Because the normal curve is symmetric about zero, z100%−α = −zα. Note that the area under the normal curve between zα and z100%−α is 100% − 2×α. Combining these two results shows that the area under the normal curve over the interval

[−z100%−α/2, z100%−α/2]

is 100% − α, and thus the area under the normal curve outside the interval (the area under the normal curve over the complement of the interval) is α. This complement also can be written

all values z such that |z| > z100%−α/2.

With this notation for quantiles of the normal curve, it is easier to write down the rejection region of the normal approximation to Fisher's exact test for a general significance level: The significance level of the rule {Reject the null hypothesis if Z>z100%−α} is approximately α.

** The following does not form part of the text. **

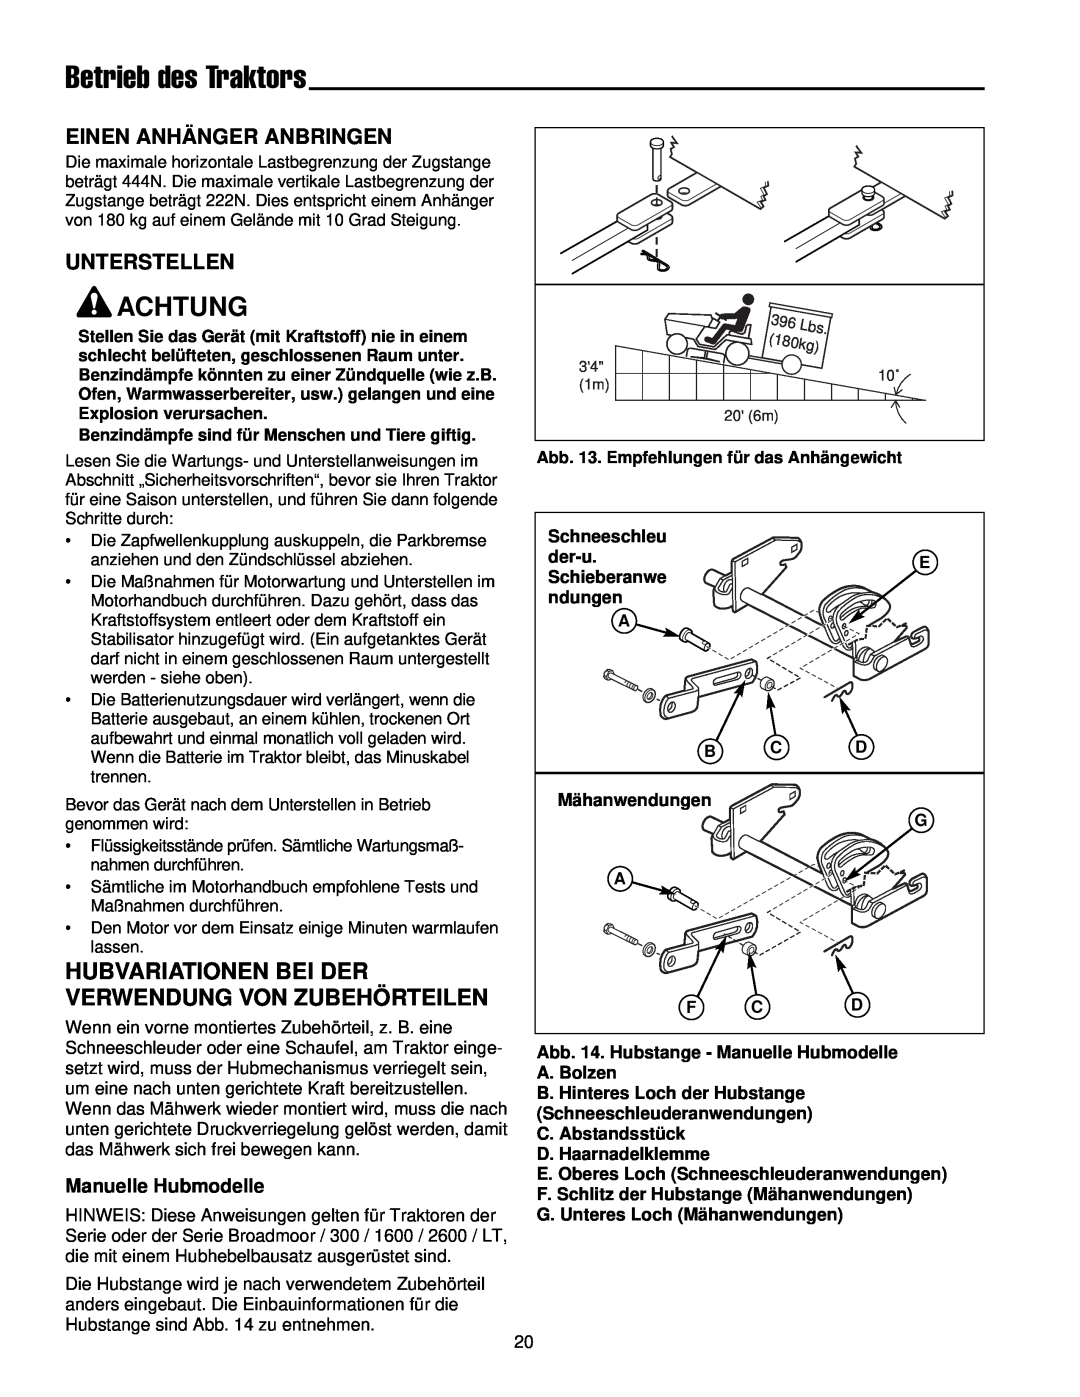 Simplicity 300 manual Hubvariationen Bei Der Verwendung Von Zubehörteilen, Einen Anhänger Anbringen, Unterstellen, Achtung

The following exercise checks your ability to use the normal approximation to Fisher's exact test. The exercise is dynamic: The data will tend to change when you reload the page, so you can practice as much as you wish.

## Testing the Equality of Two Percentages Using Independent Samples

In the experiment to test the effectiveness of targeted advertising using the randomization model described previously in this chapter, the samples from the populations of control and treatment values are dependent: Individual i has two numbers, ci and ti, and if we observe ci we cannot observe ti, and vice versa. If individual i is in the treatment group, he or she is not in the control group, and vice versa. Under the null hypothesis, the purchasers would have bought whether they were assigned to treatment or to control, and the non-purchasers would not have bought whether they were assigned to treatment or control, so the total number of purchasers does not depend on which consumers were assigned to treatment. That constancy led to an hypergeometric distribution for the number of purchasers in the treatment group under the null hypothesis. In this section, we see that Fisher's exact test allows us to test a slightly weaker null hypothesis when the data are two independent random samples with replacement from separate populations, a control group and a treatment group. This is the population model for comparing two percentages.

The weaker hypothesis is that the population percentage of the treatment group is equal to the population percentage of the control group. We also develop an approximate test for the equality of two percentages based on the sample percentages of independent random samples with replacement from two populations. The approximate test is essentially equivalent to the normal approximation to Fisher's exact test when the sample sizes are large.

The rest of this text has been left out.